HCP Imaging Acquisition and Data Processing

As part of the HCP protocol, each participant completed four 14 minute, 33 second resting-state fMRI (rs-fMRI) runs on two separate days. The resting-state runs were eyes-open and participants were instructed to keep their eyes on the fixation cross. Scans were acquired on a Siemens connectome-Skyra 3T scanner with 32-channel head coil (multiband sequence, acceleration factor of 8, TR = 0.72 sec, 2 mm isotropic spatial resolution) (33).

Dynamic connectivity measures were computed on the time-courses from the “Parcellation-Timeseries-Netmats (PTN) extensively processed resting-state fMRI dataset” that were included in the HCP900 Data Release. This publically-released dataset had undergone the following preprocessing by the HCP (34, 35): artifact removal using ICA+FIX (36, 37), temporal demeaning and variance normalization (38), and data reduction using MELODIC for Incremental Group-PCA (39) and then spatial Group-ICA at several dimensionalities (34, 38). For the current study, the time-courses from the 300-dimensional ICA, that were extracted using the dual-regression approach, were used to examine dynamic connectivity.

Network Identification

The volumetric MNI152 3D-space version of the 300-dimensional Group-ICA component spatial maps were automatically labeled based on spatial overlap with the Yeo 7-network parcellation (40). This consisted of first thresholding each of the 300 component ICA spatial maps so that only 5% of voxels with the highest intensity values were included. Each thresholded component map was then labeled as one of the seven networks: Visual (VN), Somatomotor (SMN), Dorsal Attention (DAN), Ventral Attention (VAN), Limbic (LN), Frontoparietal (FPN), or Default Mode (DMN), if: (1.) at least 500 suprathreshold voxels overlapped with one network; and (2.) over 55% of suprathreshold voxels fell within one network.
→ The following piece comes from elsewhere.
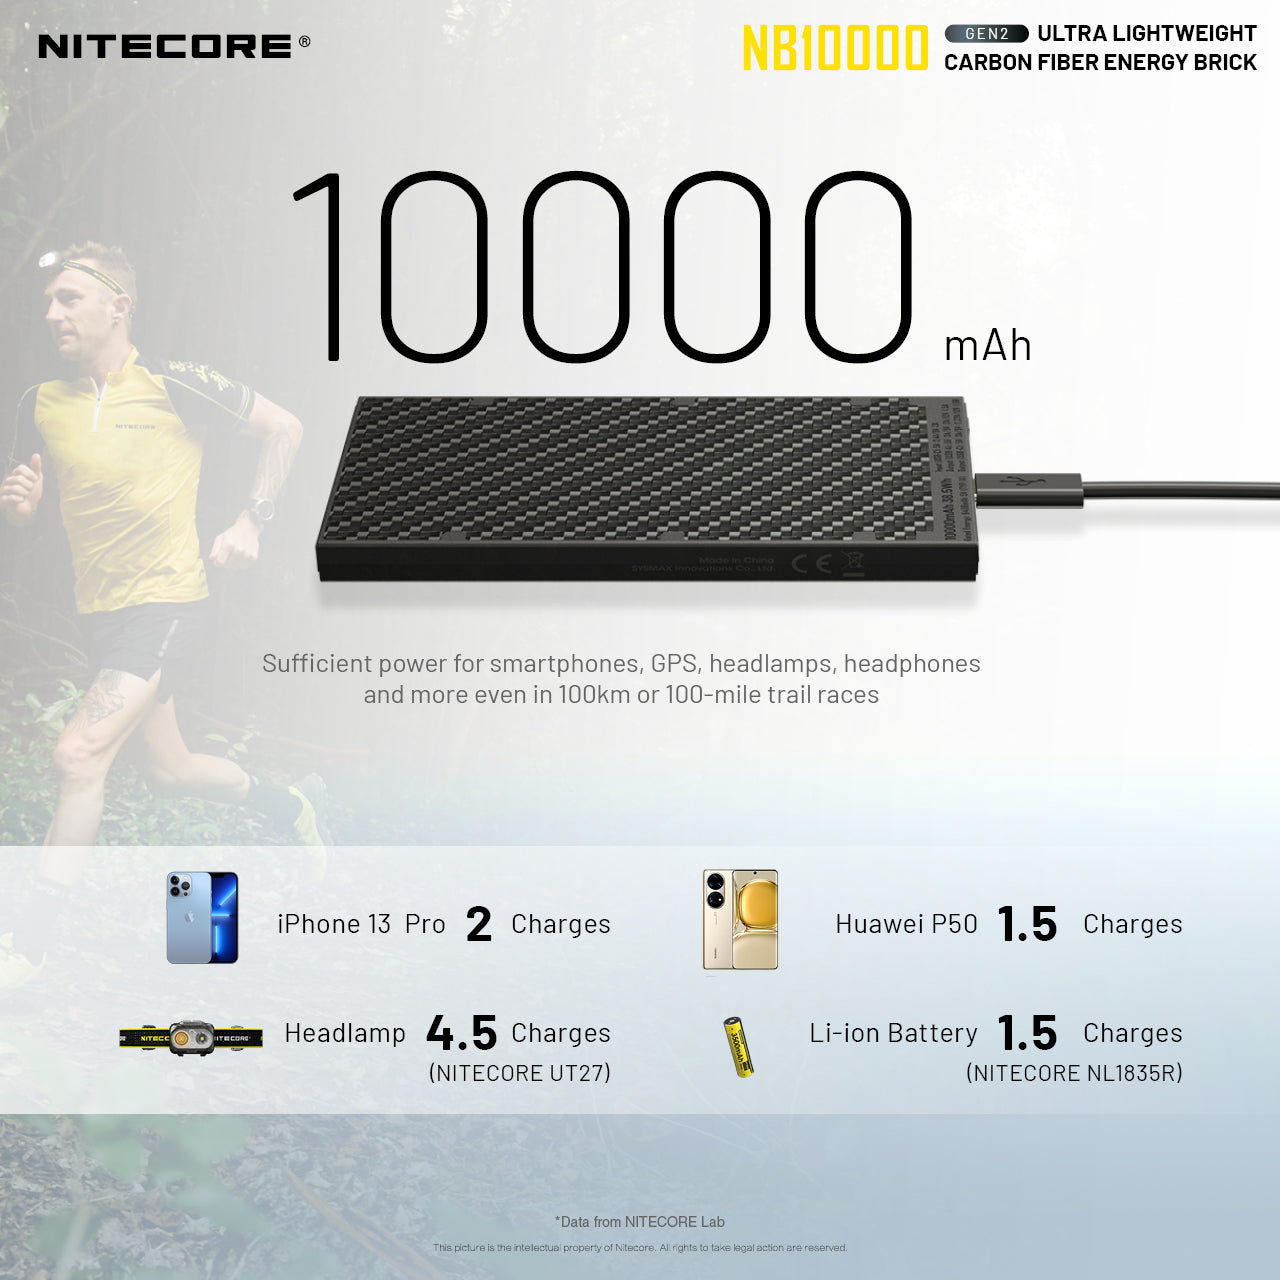 NITECORE NB1000 CARBON FIBRE 10,000 MAH POWERBANK

If the component failed these classification criteria for all seven networks, then it was labeled as “noise”. This resulted in 65 “signal” components (29 VN, 8 SMN, 3 DAN, 2 VAN, 8 FPN, and 15 DMN). Dynamic connectivity measures were computed for the time-courses corresponding to these 65 “signal” components. The remaining 235 “noise” components were excluded from further processing and analysis.

Dynamic Connectivity

Dynamic connectivity was computed using the Dynamic Conditional Correlation (DCC) approach (https://github.com/canlab/Lindquist_Dynamic_Correlation), a multivariate volatility method (41). Unlike sliding-window approaches that estimate connectivity over a fixed window length, this is a model-based method that estimates the contribution of surrounding time-points to the covariance matrix. Pairwise-dynamic connectivity values were obtained for every time-point of each participant’s four resting state runs. This resulted in a matrix of connectivity values that was 1200 (time-points) × 2080 (connections) for each participant and each run.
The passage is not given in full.